→ Assignment: Would you please transcribe the data in full and exactly, excluding images?

→ Data extract:

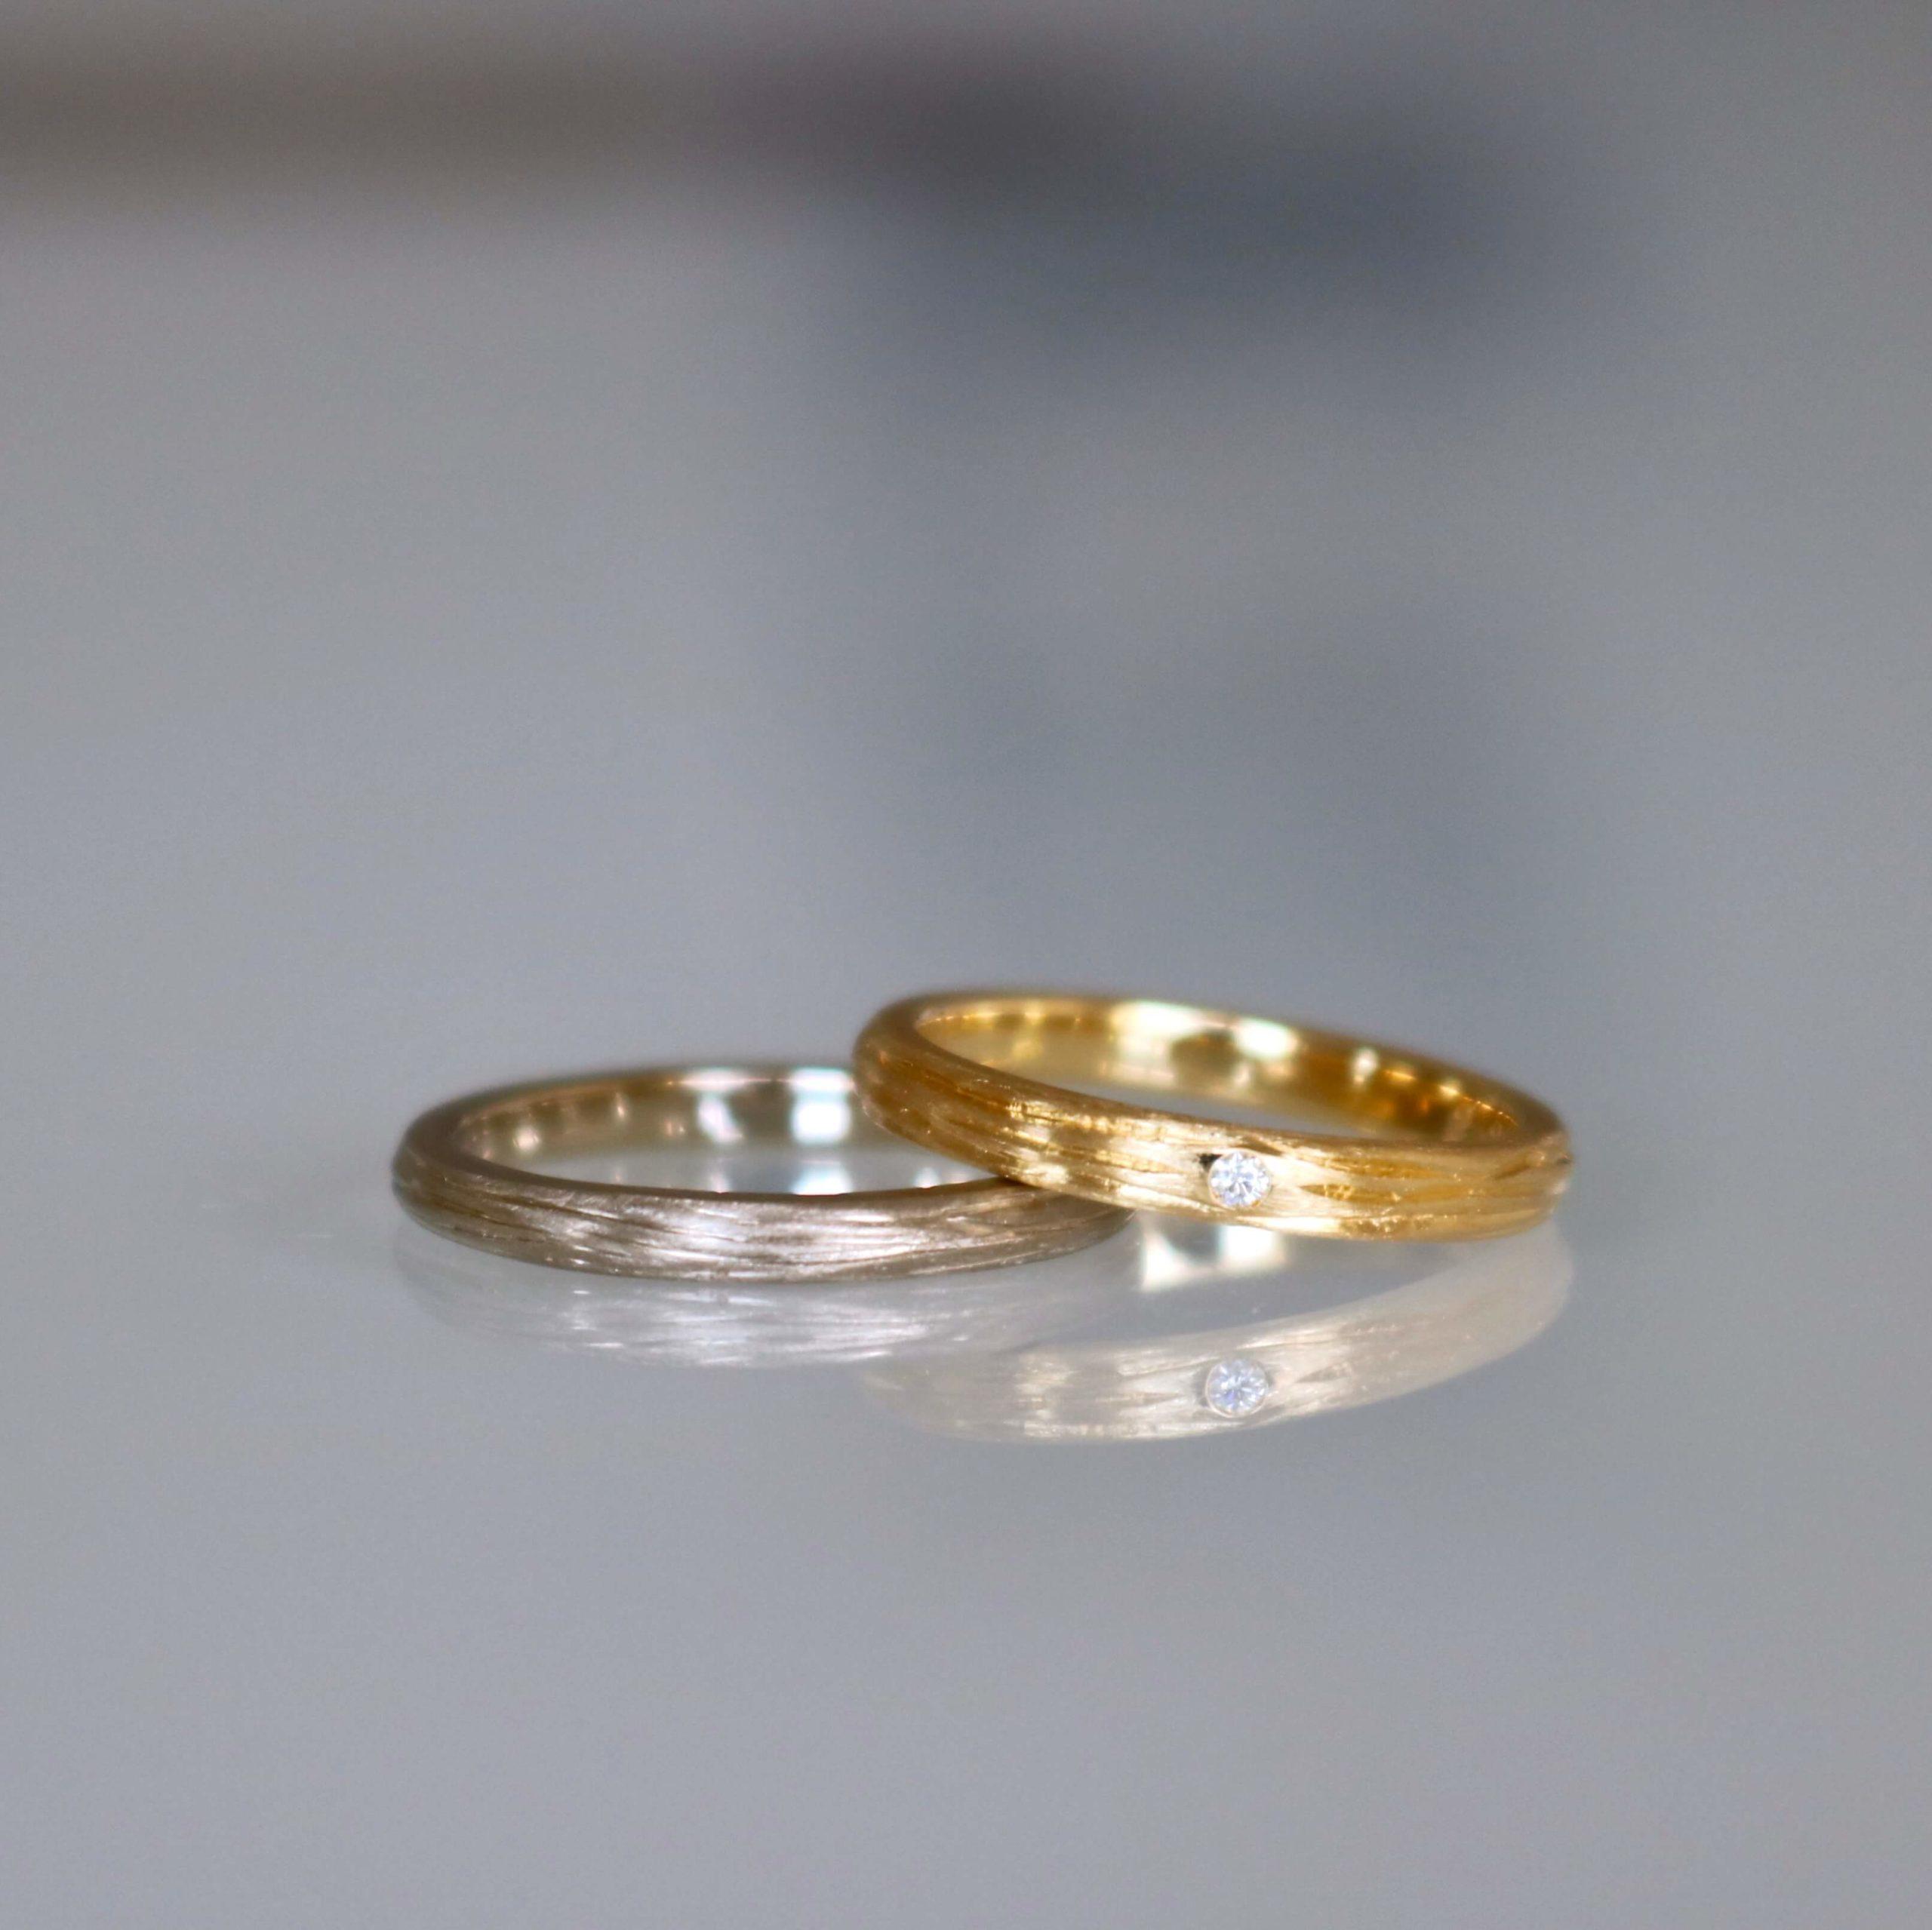 温もり感じる木の彫りの結婚指輪
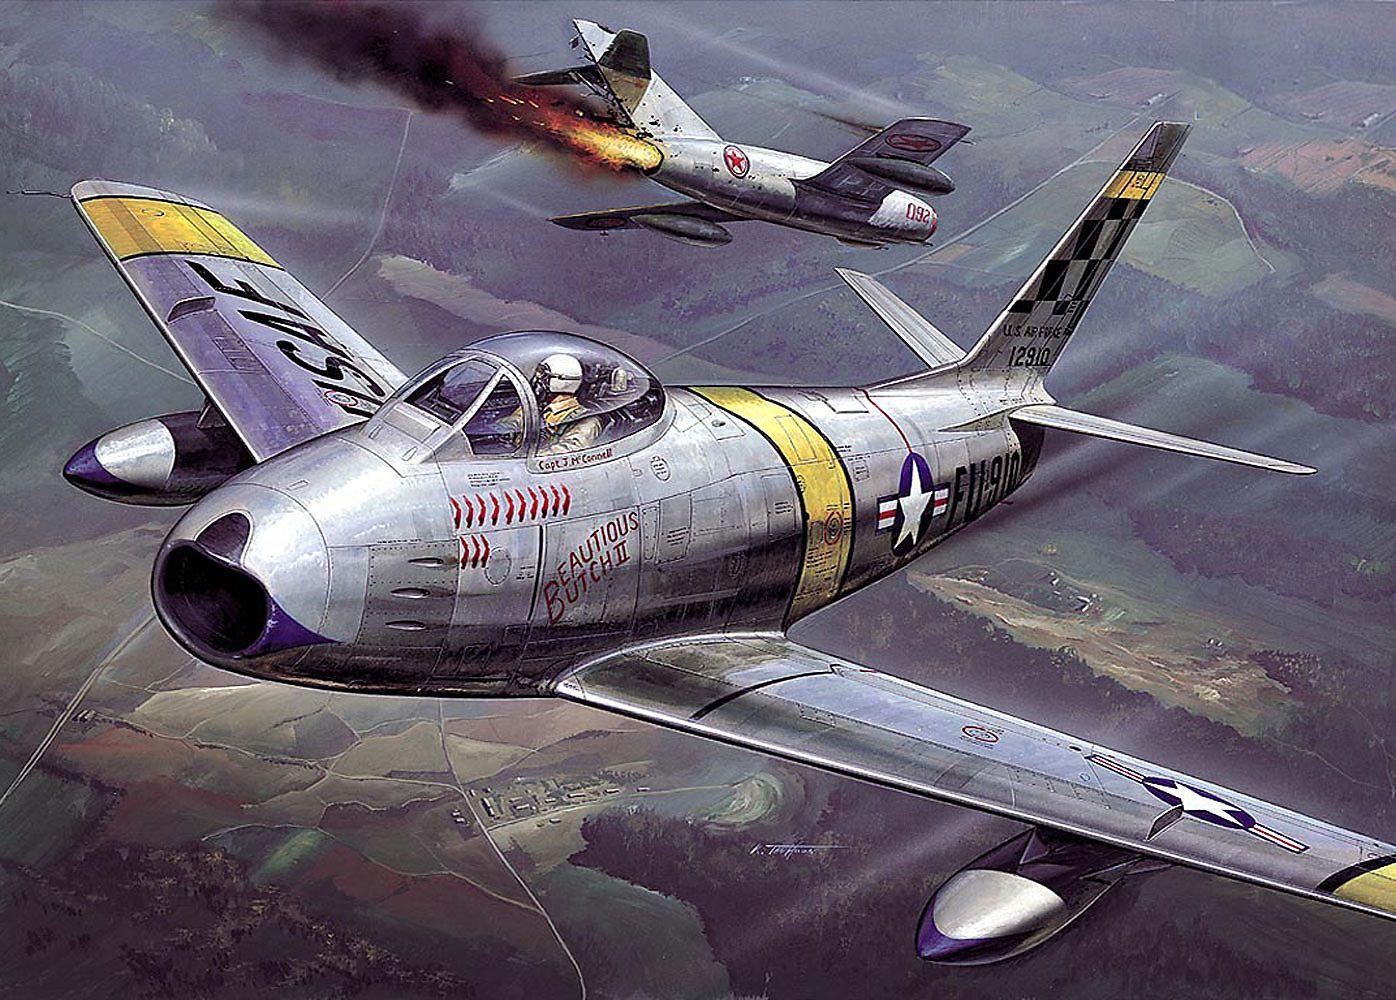 """So lang her: Illustration einer F-86 """"Sabre"""" im Luftkampf über Korea gegen MiG-15 (Koreakrieg, 1950-1953)"""
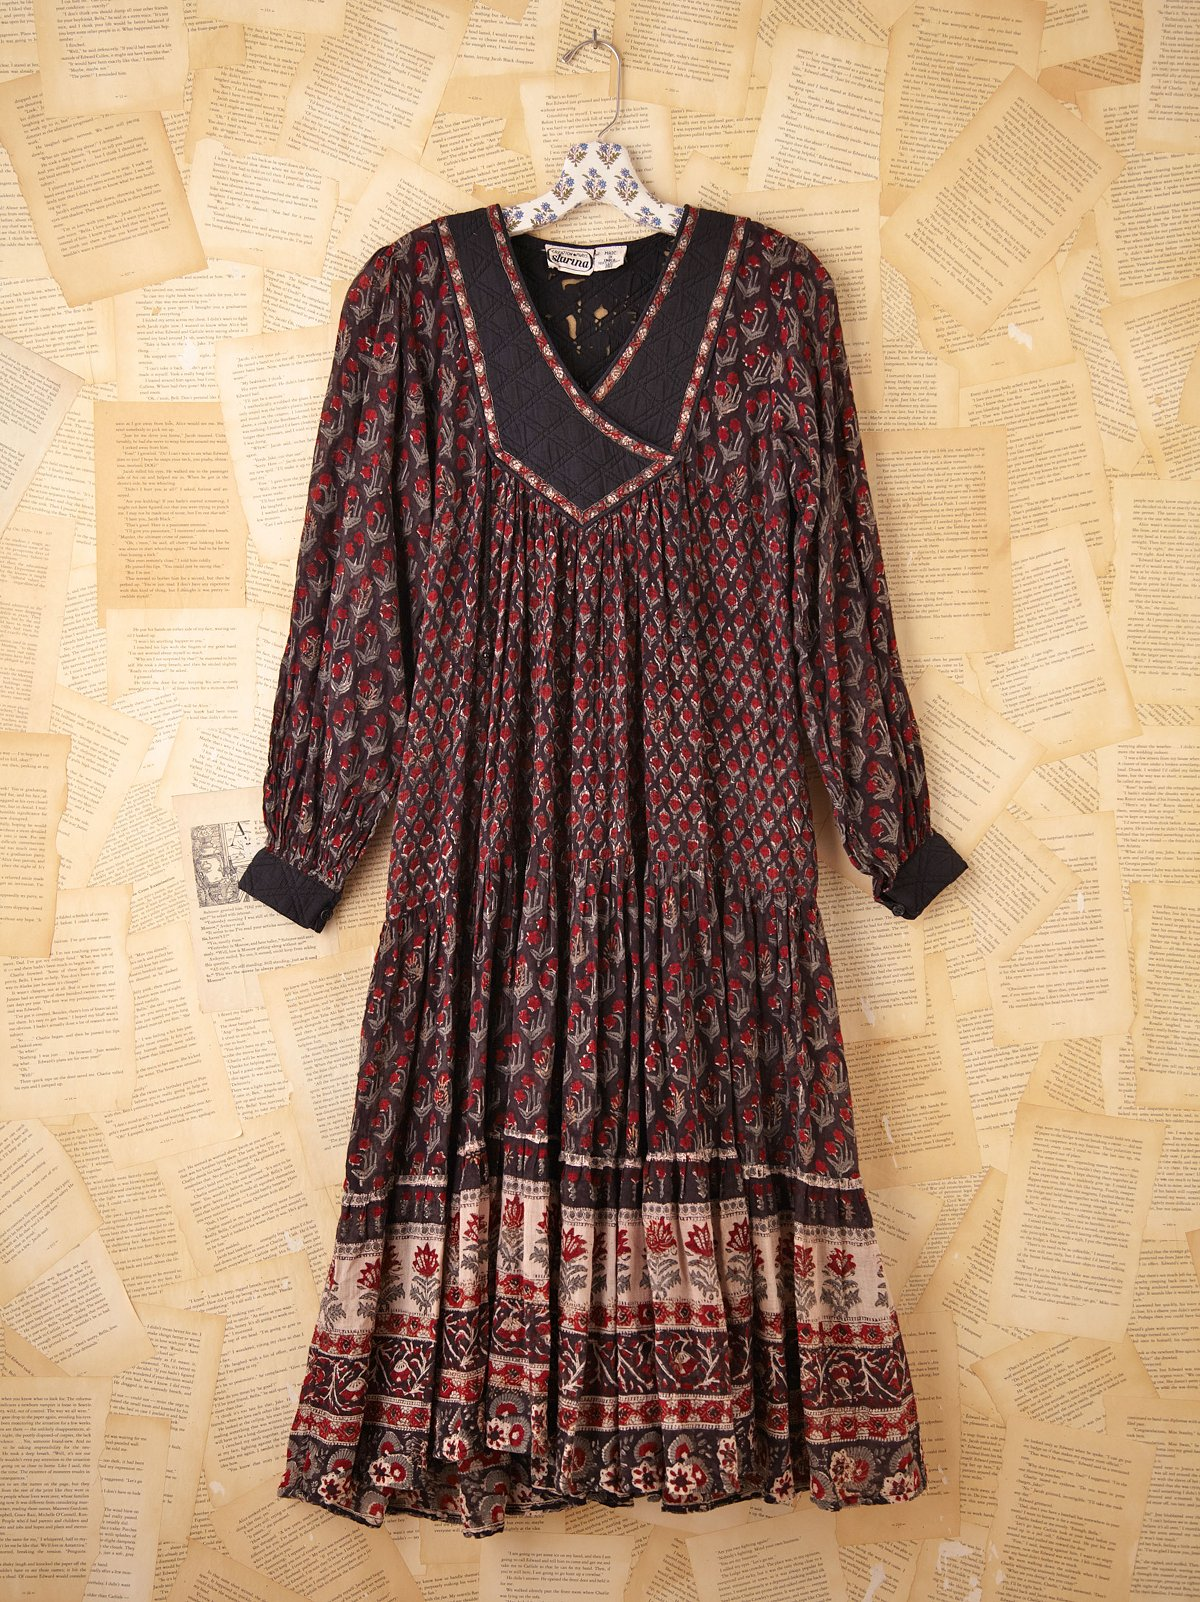 Vintage 1970s Indian Cotton Dress

→ Solved problem:
 温もり感じる木の彫りの結婚指輪
 """So lang her: Illustration einer F-86 """"Sabre"""" im Luftkampf über Korea gegen MiG-15 (Koreakrieg, 1950-1953)"""
 Vintage 1970s Indian Cotton Dress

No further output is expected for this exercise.